Though India has tough laws on antibiotic prescribing, many go unheeded. “A lot of antibiotic resistance in India is do the mis-use or overuse of antibiotics,” said Dr Randeep Guleria, professor of medicine at the All India Institute of Medical Sciences in New Delhi.
Antibiotics are available without prescription from high street pharmacies and their overuse exposes more and more bacteria to the drugs. In such situations, constantly dividing bacteria quickly evolve resistance to antibiotics.
The overuse of powerful “last-resort” antibiotics in hospitals is blamed on the rise of superbugs like MRSA in Europe and the US. Indian health experts worry similar practices in India has led to the rise of bacteria like NDM-1.
Dr V.M. Katoch, Secretary of the Indian Department of Health Research told Channel 4 News that he was unaware who in the Health Ministry had sent the letter to scientists who worked on the Lancet Infectious Diseases study.
But he felt the research unfairly singled out India given that other countries, including the UK, are struggling to control antibiotic resistance. “Such superbugs are everywhere. They’re not a characteristic of one country,” he said.
Dr Katoch also denied that India was the epicentre of the NDM1 superbug. “NDM1 originated in the environment,” he told Channel 4 News. “India has a problem, but India has the same problem other countries do.”

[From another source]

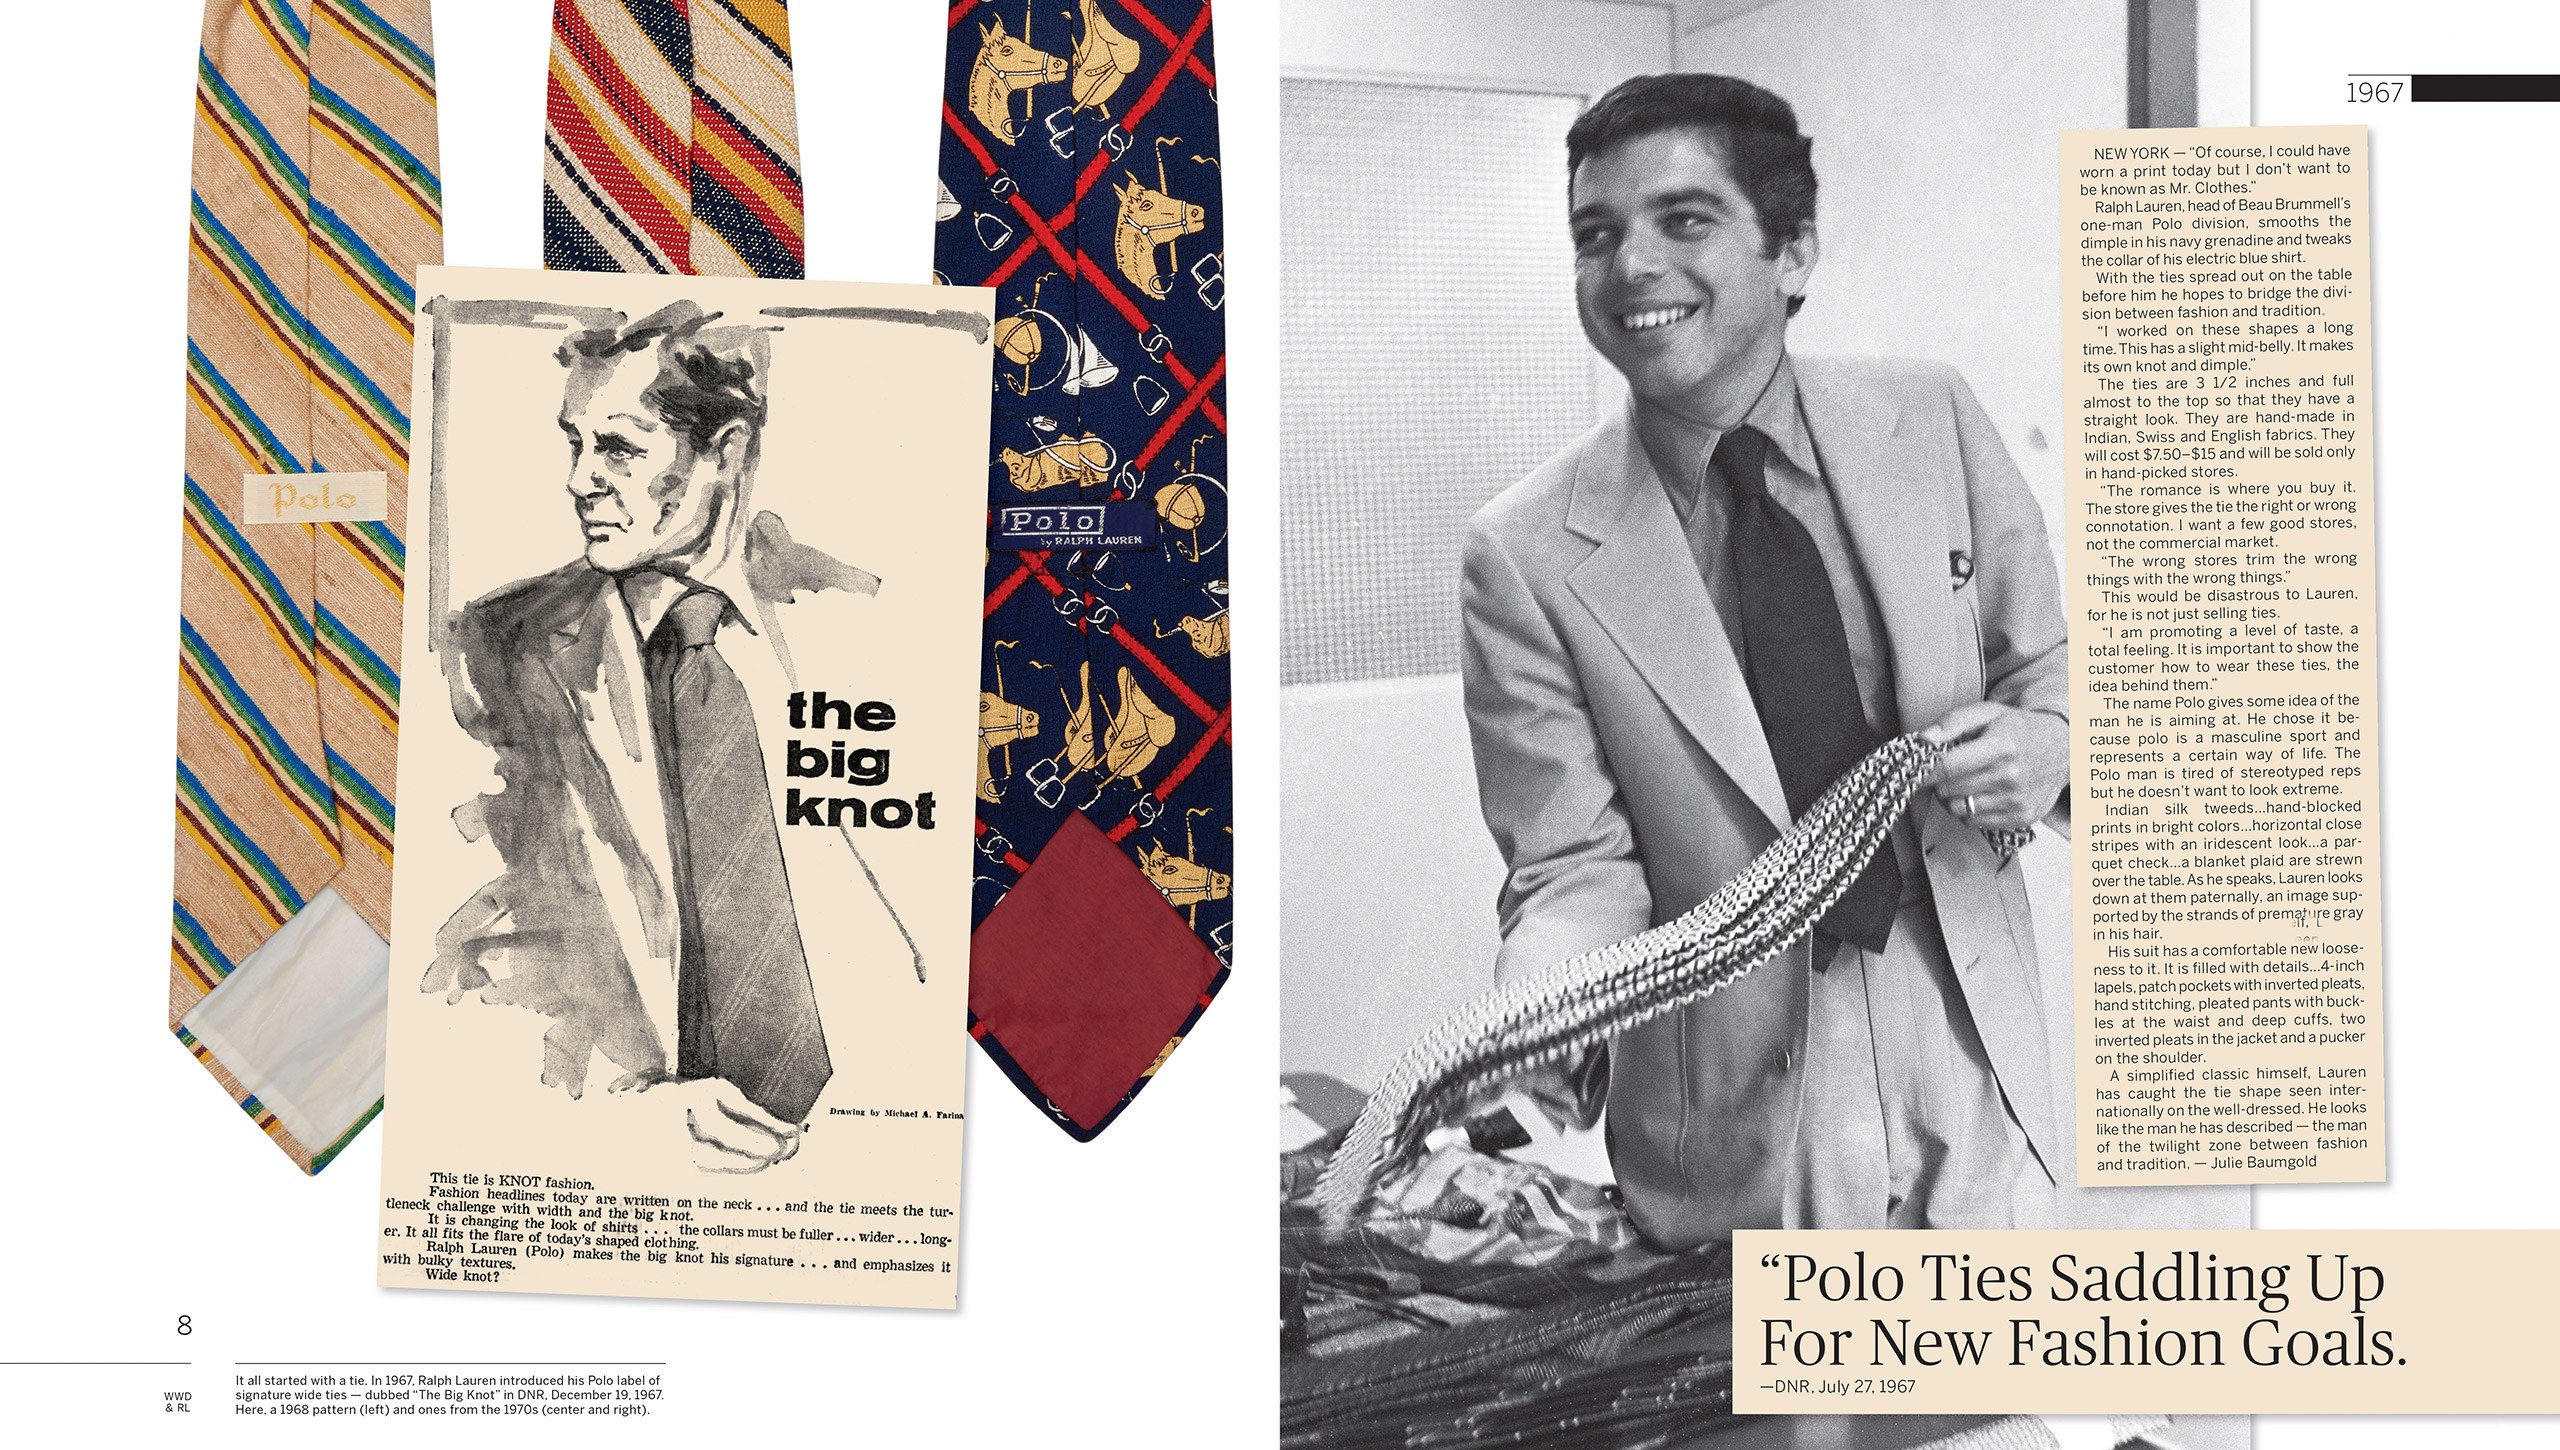 1967: Polo by Ralph Lauren is born, first as a selection of wide neckties, handmade in fine Indian, Swiss, and English fabrics. &#x201C;I worked on these shapes a long time,&#x201D; Mr. Lauren tells <em>DNR</em>. &#x201C;This has a slight mid-belly. It makes its own knot and dimple.&#x201D; Though Polo is still a one-man division of the Beau Brummell company, Mr. Lauren&#x2019;s vision for his label&#x2019;s potential is already crystal clear. &#x201C;I am promoting a level of taste,&#x201D; he says, &#x201C;a total feeling.&#x201D;

The emergence and spread of NDM1 highlights a growing problem of antibiotic resistance worldwide and the dwindling arsenal of drugs to treat infections. In the last decade researchers have only produced a handful of new antibiotics.
“Against some bacteria like MRSA, were getting new antibiotics,” says Dr Livermore. “But bacteria like those with NDM1-type resistance, I’m afraid the bacteria are winning. They’re accumulating resistance faster than we’re developing new drugs.”
Many experts believe the threat of antibiotic resistance to modern medicine is so grave a global effort is needed to stop their spread and develop new drugs.